Furthermore, the medium may be supplied and discharged from the outer wall of the reaction container instead of using the hollow shaft. It is only that feeding from the shaft is effective.

(Effects of the Invention) According to the method and apparatus of the present invention, gas is sparged for each room of the immobilized material filled in each partitioned room or some of the rooms of the rotating body. There are more opportunities for direct contact with the immobilized material, and gas can be supplied effectively.

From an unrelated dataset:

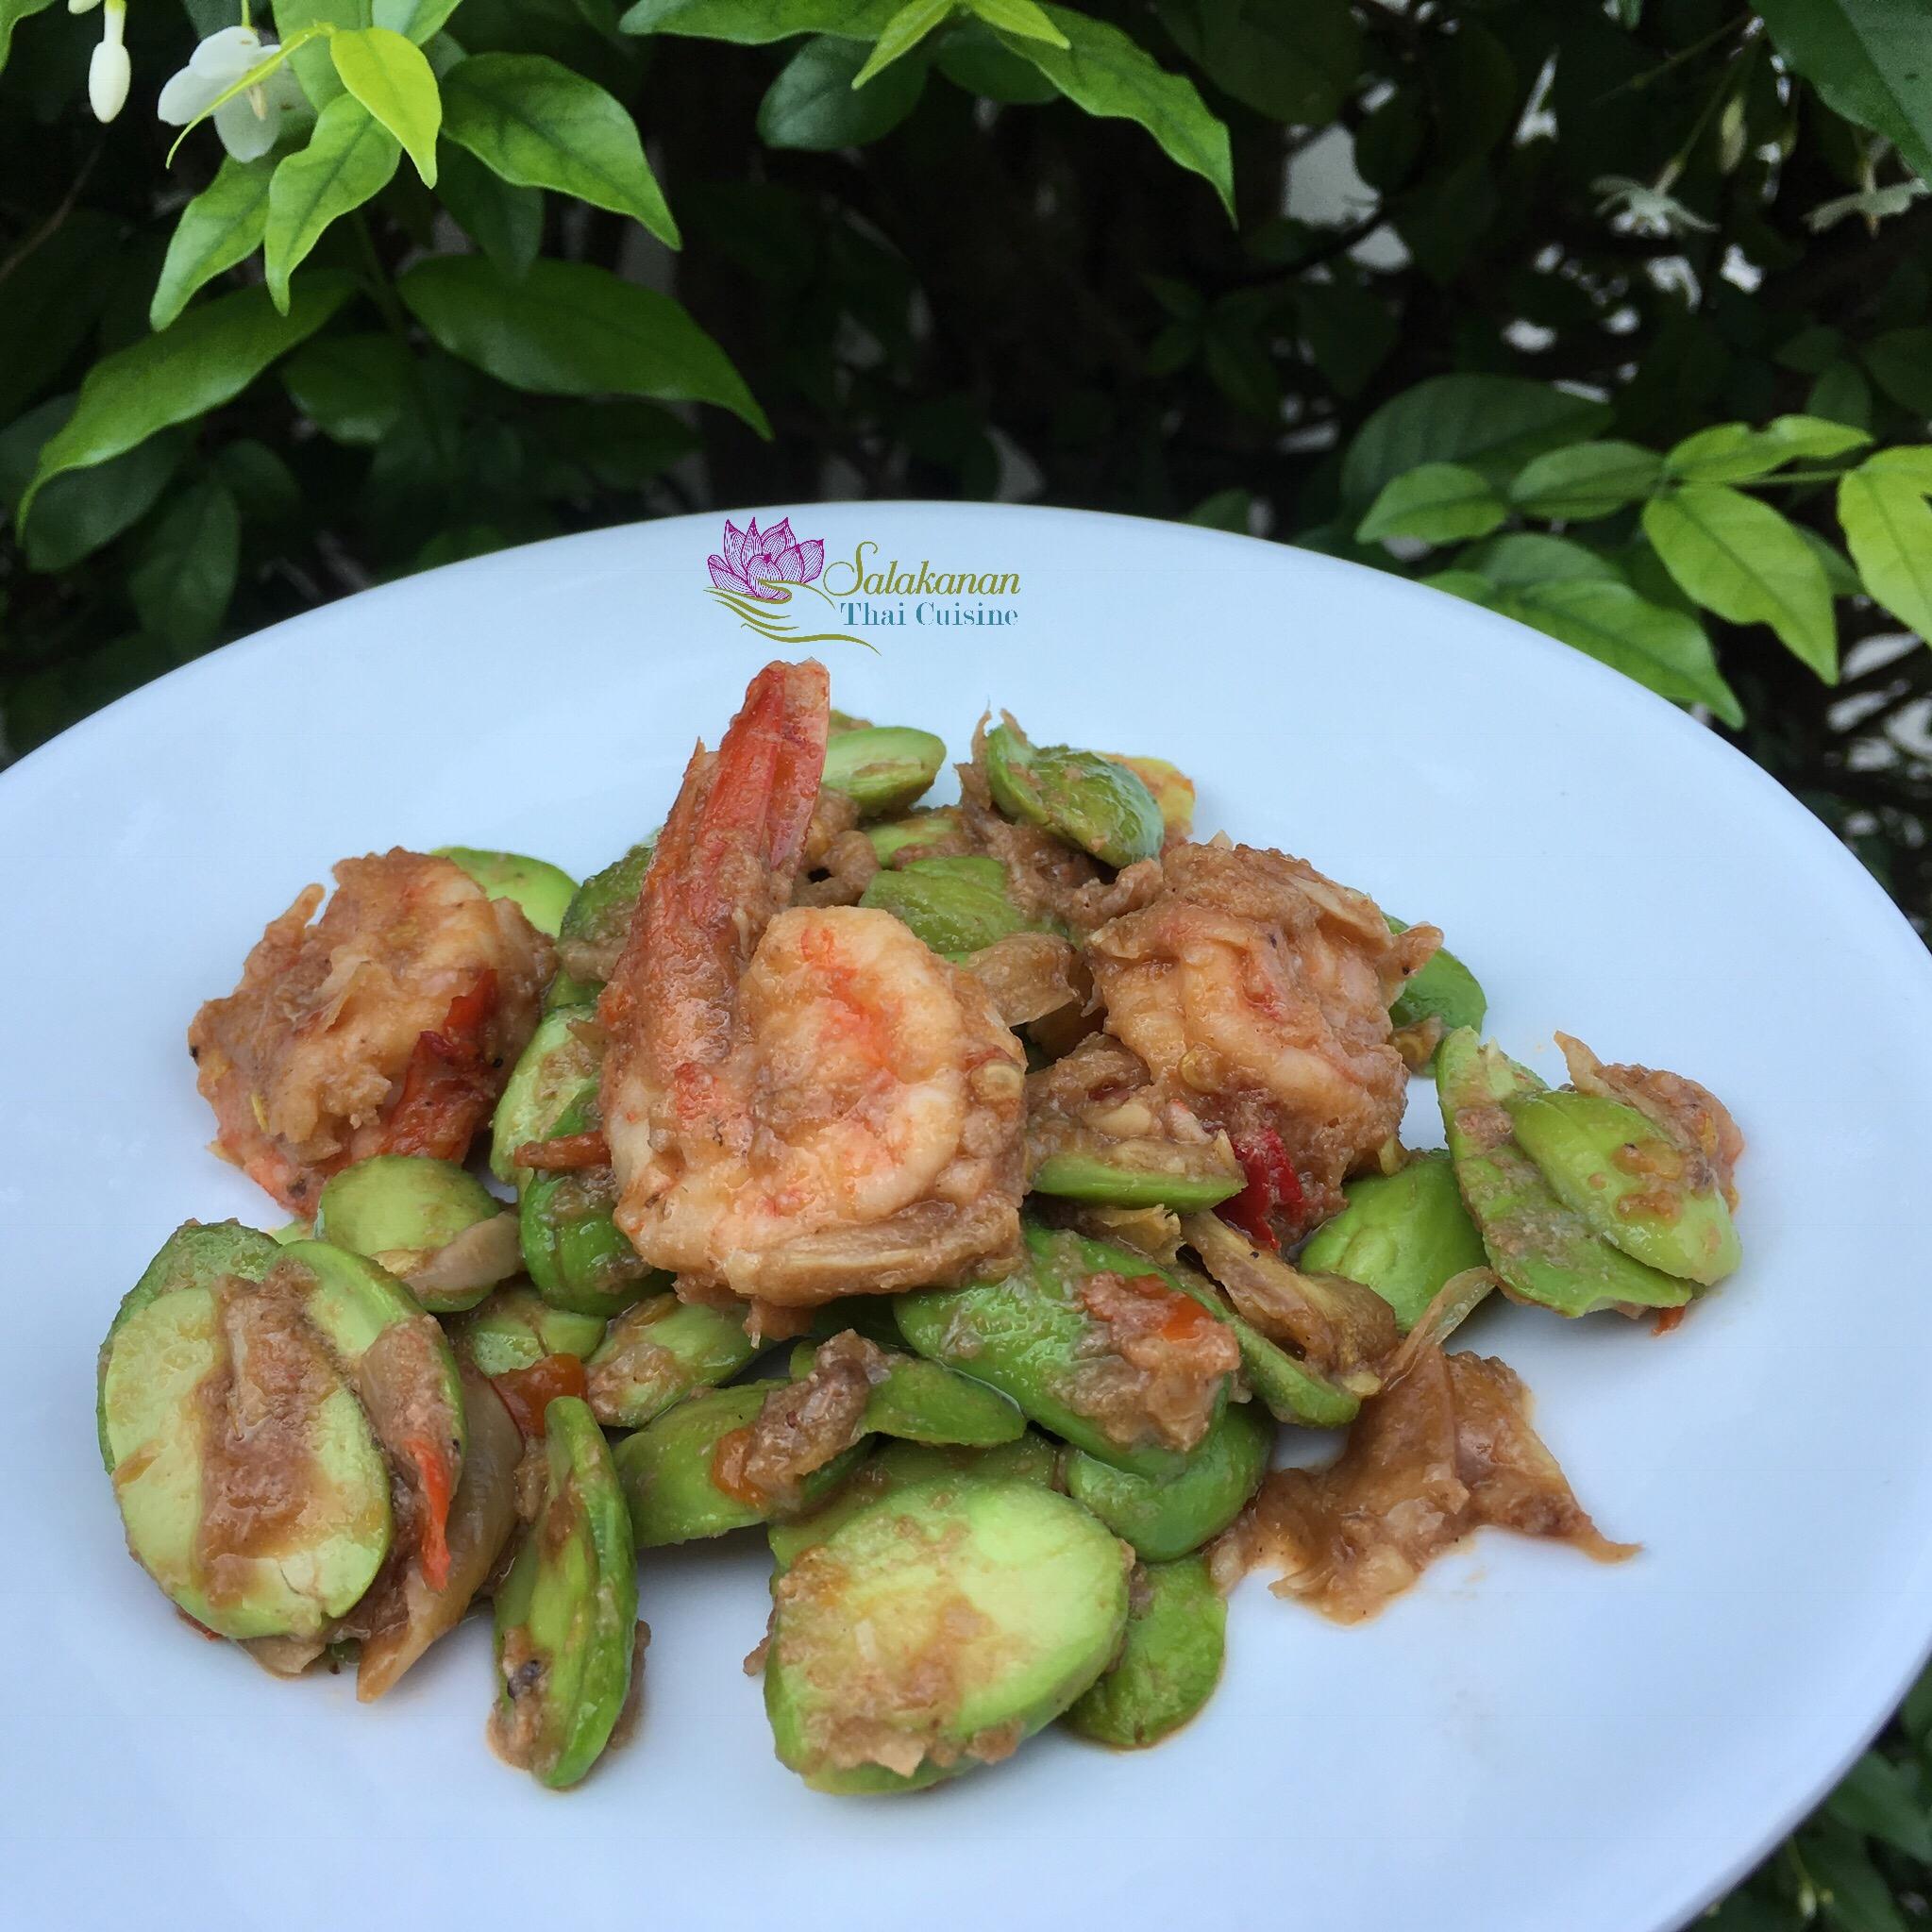 GUNG PAD SA TOR Salakanan Thai Restaurant Offenburg

Gas can be supplied or stopped depending on the rotational position of the rotating body. For example, when the sparging tube in the rotating body is at the top, sparging is stopped, and when the sparging tube is at the bottom, sparging is stopped. Since the gas is carried out, the force of the gas rising in the solution of the immobilized substance is also added, making it possible to supply the solution in a diffusive manner and uniformly. This will flow only in the lower direction, reducing the sparging effect, but this can be prevented by providing an on-off valve.

In addition, this combined with the rotational force of the rotating body enables more effective stirring of the immobilized materials than simply stirring the immobilized materials by rotation to prevent the immobilized materials from adhering to each other.

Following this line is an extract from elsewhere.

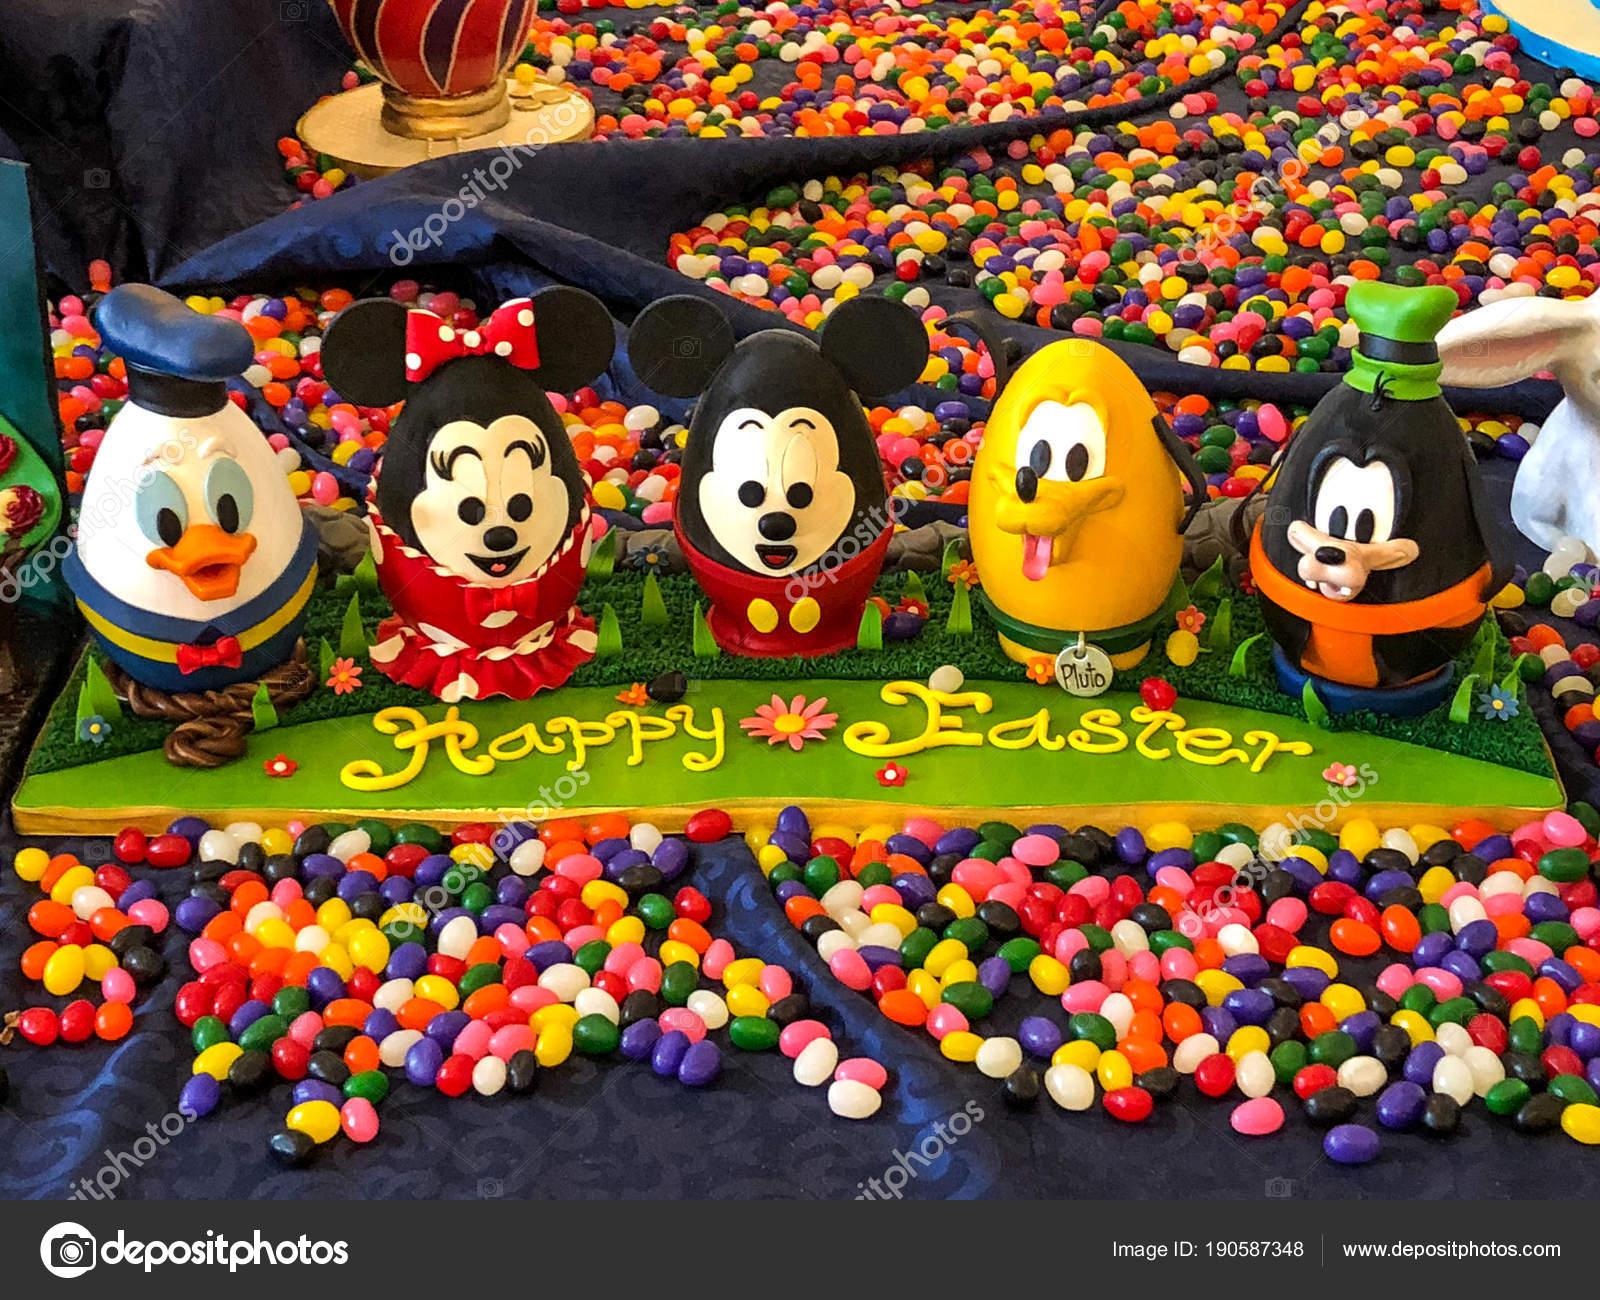 Oeufs De Pâques Au Chocolat De Disney De Orlando, Floride   29 Mars 2018    Disney World Beach Club Resort U2014 Image De ...

Furthermore, channeling can be more effectively prevented by stirring by sparging in each chamber within the rotating body.

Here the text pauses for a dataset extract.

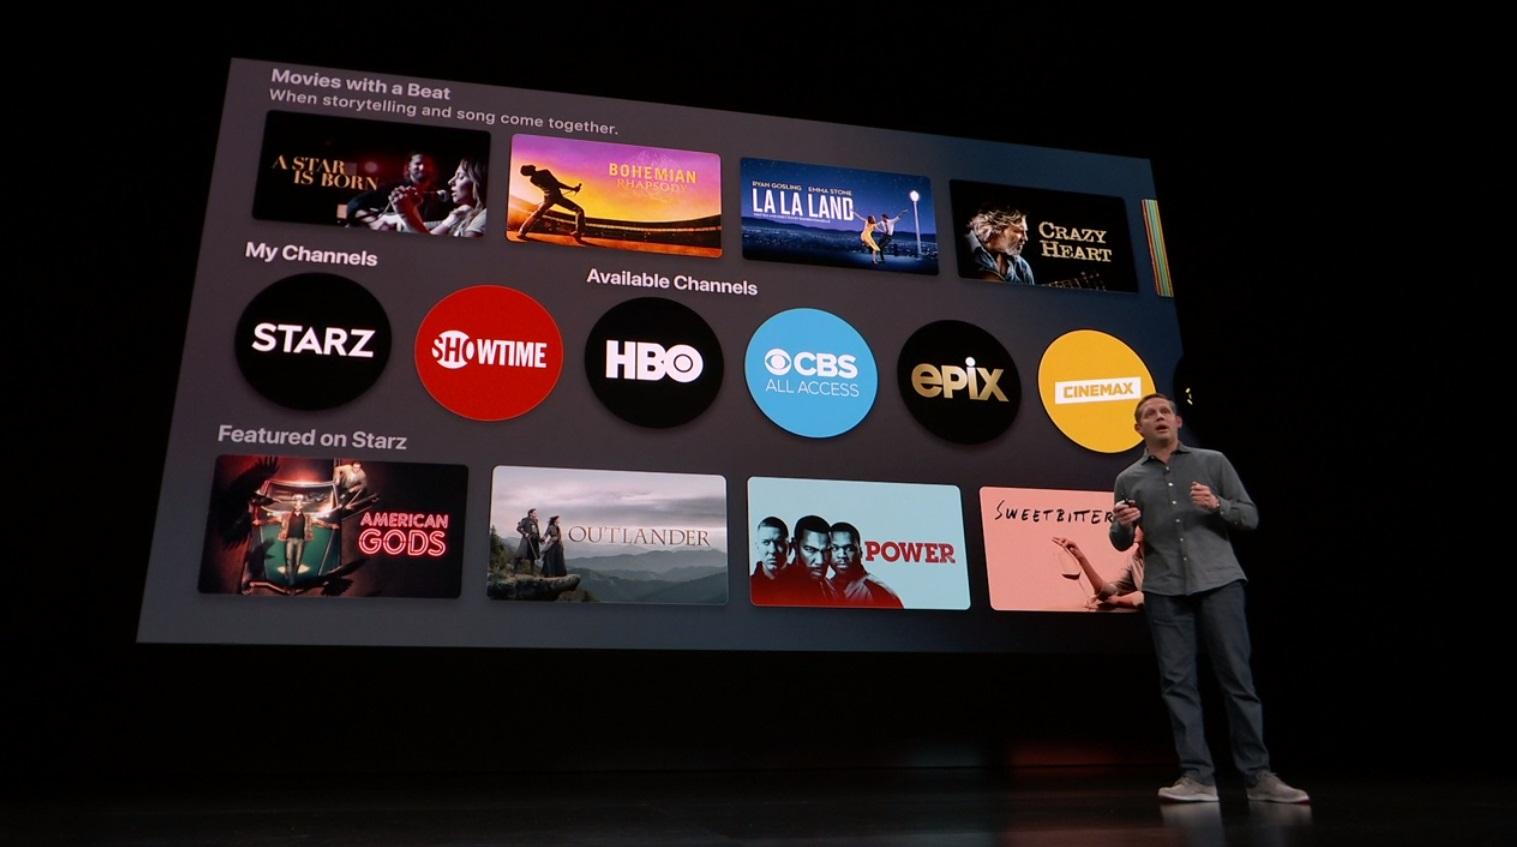 Apple TV Channels y Apple TV+: integración de servicios y contenidos exclusivos 39

This also ensures an even supply of nutrients and
There is no backflow of waste products, and the productivity of useful substances can be maintained at a high level.

[Brief explanation of drawings]

The drawings relate to the device of the present invention, and FIG. 1 is a partially cutaway perspective view shown in cross section, FIG. 2 is a partially cut away front view shown in cross section, and FIG. 3 is a partially cut away perspective view shown in cross section. 2, FIGS. 4 and 5 are explanatory diagrams of the functions of the gas conduit, and FIG. 6 is a perspective view showing a part of another form of the gas conduit in cross section. Code a ・ ・ ・ ・ ・ b ・ ・ ・ ・ ・ 2, 2′ ・ ・ 6 ・ ・ ・ ・ 7 ・ ・ ・ ・ 9 ・ ・ ・ ・ 1O・ ・ ・ ・ 11. 11' ・ ・ 12 ．12° ・ ・ 15・ ・ ・ ・ 16・ ・ ・ ・ 17・ ・ ・ ・ 18・ ・ ・ ・ ・ 19・ ・ ・ ・ 19′ ・ ・ ・ ・ 19°° ・ ・ ・ ・ 19゛″・ ・ ・ ・ 20・ ・ ・ ・ ・ 21・ ・ ・ ・ ・ 22・ ・ ・ ・ ・ Reaction vessel Rotating body end plate Air outlet Solution outlet box Magnet end plate Rotating shaft Ejection pipe Partition plate Air supply pipe Partition room Gas Conduit large diameter section small diameter section connection port mesh spherical gas sparging pipe 23, 24... mesh plate Fig. 3

Claims (5)

[Claims] (1) In a rotary reactor in which a rotating body containing immobilized substances rotates, gas is sparged to each room or some of the rooms of the rotating body that is partitioned into many rooms. Characteristic gas sparging method for a rotary reactor. (2) Claim (1) characterized in that gas sparging to each room or some of the rooms of a rotating body partitioned into a large number of rooms is performed or stopped depending on the rotational position of each room. ) Gas sparging method for a rotary reactor. (3) In a rotary reactor in which a rotating body containing an immobilized substance rotates within the reactor, the rotating body is divided into many rooms, and each room or some of the rooms contains a gas that rotates with the rotating body. A gas sparging device for a rotary reactor, characterized in that a conduit is provided upright from a hollow rotating shaft, and a sparging pipe is connected to the gas conduit. (4) The gas conduit installed upright on the hollow rotating shaft consists of a large diameter part and a small diameter part, and the large diameter part has a built-in sphere that opens and closes the connection port to the small diameter part. 4. The sparging device for a rotary reactor according to claim 3, wherein the sparging device is configured to guide or stop the gas to the sparging pipe depending on the position. (5) The rotating type according to claim (4), wherein the position of the sphere in the gas conduit rotating inside the rotating body is controlled by the magnetic force of a magnet fixed to the reactor wall outside the rotating body. Reactor gas sparging equipment.